Eyebrow Transplantation
Eyebrow Transplantation is the permanent and beautiful way to enhance your appearance with affordable cosmetic procedure in single visit.
Why eyebrow transplantation works?
The technique for eyebrow transplantation is similar to the artistry and the permanence of hair transplantation. The fast and effective procedure takes only two to three hours. The technique involves taking a small amount of hair from permanent donor area and transplanting them to the eyebrow region. The state-of-the-art follicular unit hair transplantation technique used for the procedure looks natural and is virtually undetectable with the transplanted hairs blending right in with the existing brow. This is a highly artistic procedure in which a brow is individually designed just for you based on your facial type, your features, and what you personally want to achieve.
Surgical Techniques
The surgeon and patient assist in drawing the outline of the eyebrow with marking in the sitting position. Matching the size of existing eyebrow with donor hair is done with micro caliber whenever possible. The donor site is selected from the mid-occipital area to match the caliber of the existing brow (it is least likely to turn gray). The number of grafts depends on the size and feature of the intended reconstruction of the brow. On average 100 to 300 single hair grafts are transplanted on each side. The donor hairs are trimmed 1 cm long. Open technique donor harvesting is applied to minimize transection and the wound is closed with trichophytic donor closure by deepithelized lower edge in single layer using absorbable sutures.

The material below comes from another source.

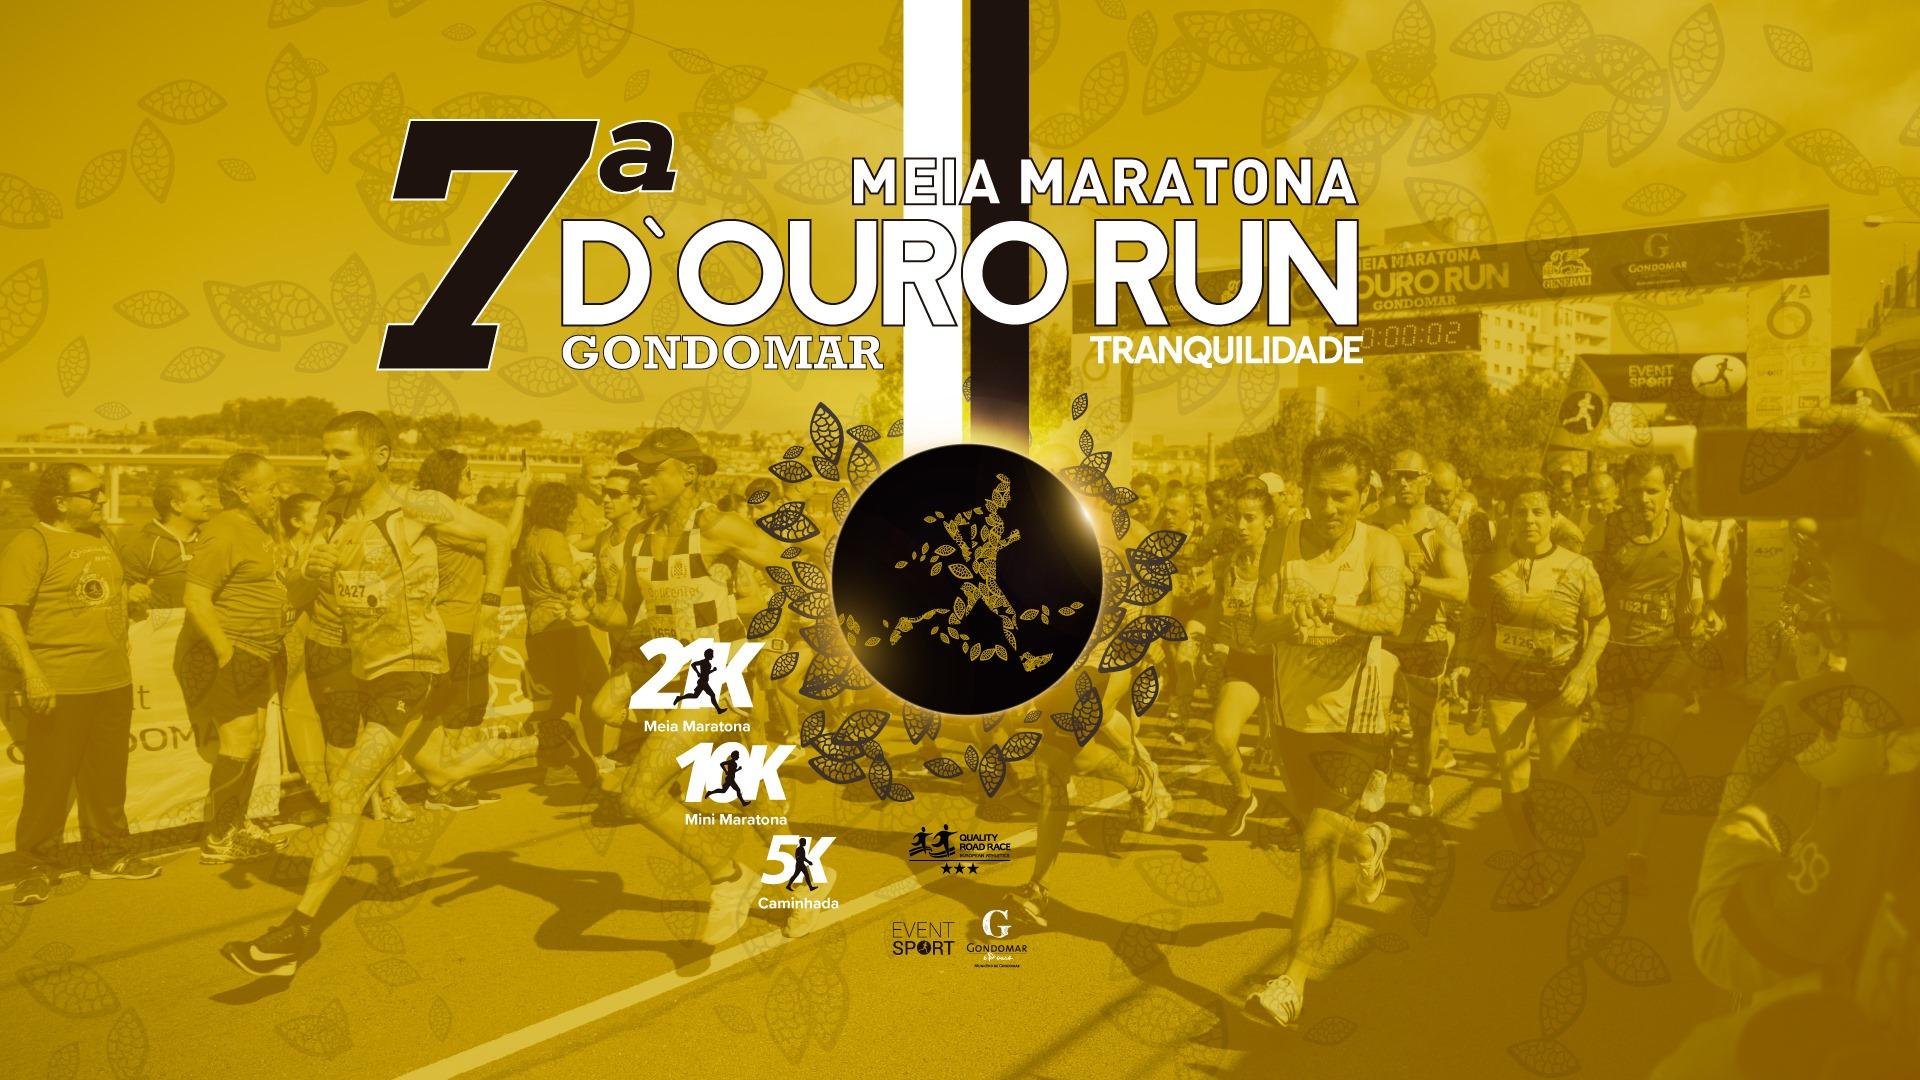 7ª Meia Maratona D`Ouro Run Gondomar Tranquilidade

The single hair grafts are carefully dissected under 10 times magnification microscope. Ultra skinny single follicular unit grafts were trimmed out the fat and tissue around the hair shaft but remained outer root sheath to accommodate 23 G needles and sometimes 24, 25 G needles for easy insertion and dense packing. These single hair grafts have not been further partitioned. Follicular units that contain more than two hairs are longitudinally sectioned into one-hair unit. The brow is cleansed with Betadine and anesthetized with 1% Xylocaine with epinephrine. No tumescent fluid is needed in this region. It is preferable to use 3 times magnification loupes performing simultaneous 23G needle stick-and-place in flat angle and dense packing of grafts. This planting technique in these size sites is easily accomplished after training.
Insertion of the grafts is crucial. Thus the surgeon must insert the grafts with the current of the hair shaft in alignment with the axis of the brow; otherwise the hair will flow out of the axis result in an unnatural look. The eyebrow is divided into three portions to help determine how many sticks need to be made in each segment for uniform density and symmetry. When the needle is inserted, the direction in superior edge of medial third will direct down below to the brow axis instead of upward as in the normal anatomy. This modification is needed because the transplanted hairs are thicker than normal eyebrow hairs. Transplanting hairs in an upward direction in the medial part produces growth that may be unnatural. For the other two portions, the plan is to have hairs converge to each other and the needle is inserted in an acute angle to almost flat. The medial and middle portion is transplanted more densely. The lateral border is feathered superiorly and inferiorly. In addition, the borders of the eyebrow must be irregular with finer caliber hairs transplanted in the peripheral area. Just prior to completion the patient examines the transplanted eyebrows to see if any adjustment is needed.
Postoperative Care
Antibiotic eye ointment is used without any dressing for 10 days to help control the hair angle flat to the skin and prevent infection during the wound healing process. Compress dressing used to be done to keep the angle flat, but the results showed no difference.
Bruising and mild puffiness over the upper eyelid usually lasts for 3-4 days. Most eyebrow transplants do not shed and continue to grow in contrast to scalp hairs - thus they need trimming once a week. If the patient requires more density, a time frame of at least 6 months is recommended.